Наврала! Уже со следующего дня в еде не было ни малейшего следа соли. Но я всё равно нажаловался медсестре через четыре дня. А ещё через день меня принял окулист и через короткое время, когда на моём носу должны были красоваться бифокальные очки, я получил уведомление, что «Финансово-административный совет тюрьмы в ближайшее время рассмотрит мою просьбу» И рассмотрел. Ещё через полтора месяца мне дают бумагу с решением этого совета: «Отказать в оплате очков, потому что имеет достаточно средств на своём счету». Знахарша победила!
Я же, слегка офигевший, оказывается я миллионер и не знаю об этом, попросил выписку из моего тюремного счёта. Меня отфутболили, типа ты и так каждый месяц получаешь бумажку, подтверждающую, что там у меня тихо-тихо.
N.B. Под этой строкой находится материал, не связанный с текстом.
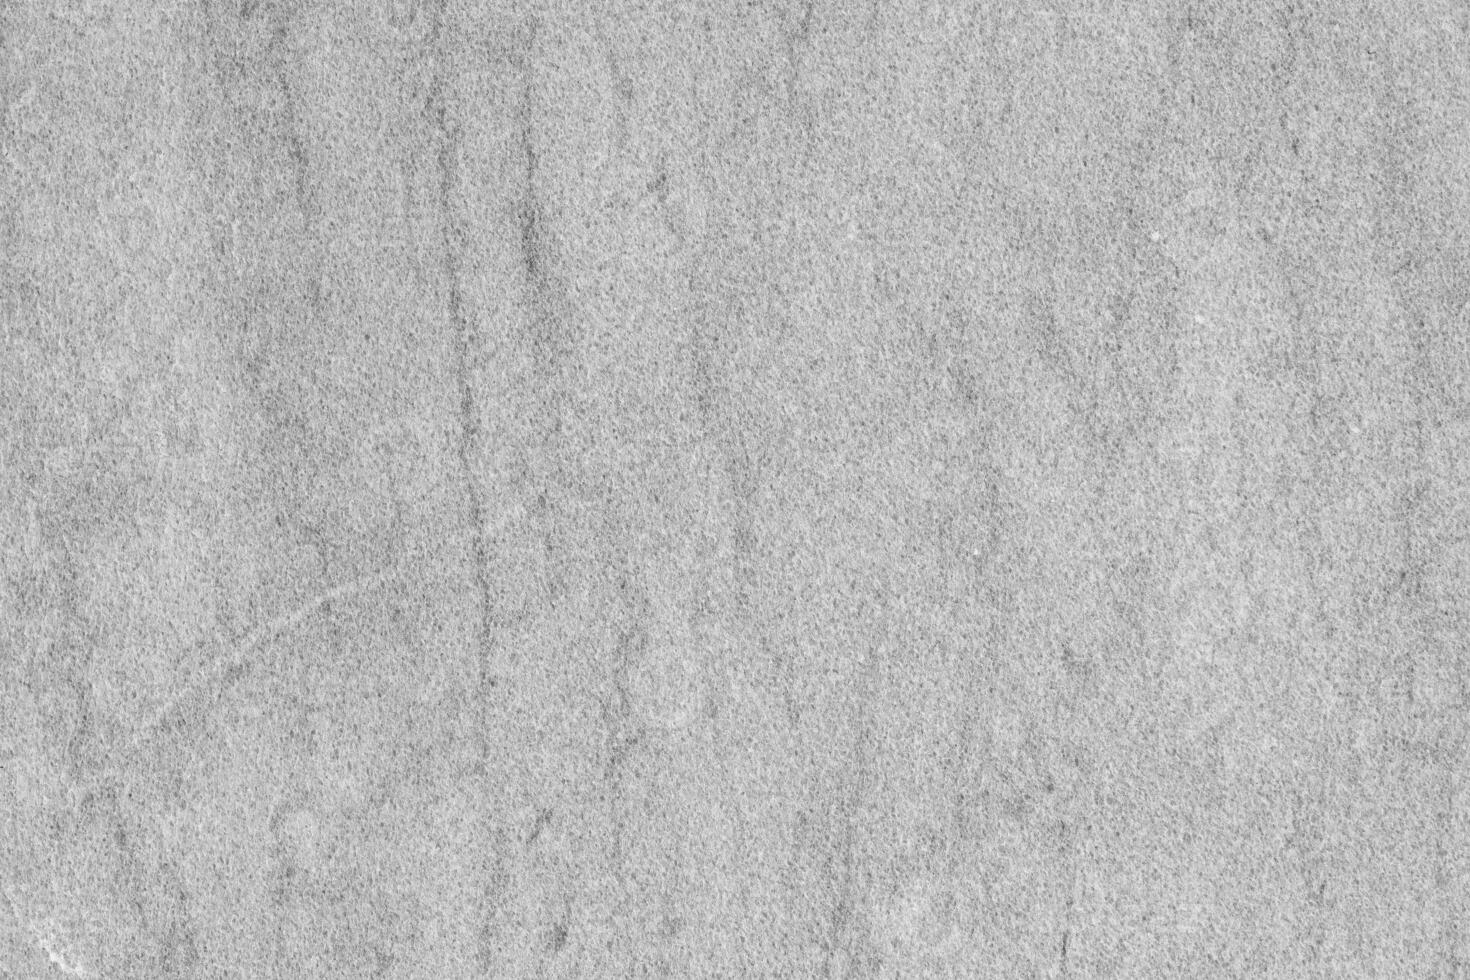 Texture of gray marble tiles with scratches. Abstract background. photo

Выматеришись по-китайски, я подредактироал текст и запросил по новой, объясняя, зачем и поблагодарил заранее, чего я обычно не делаю. Хорошее слово и кошке приятно. Уже на следующий день у меня на руках были два листа с распечаткой движения денег на моём счету за последние шесть месяцев. Наиболее повторяющаяся цифра была «ноль».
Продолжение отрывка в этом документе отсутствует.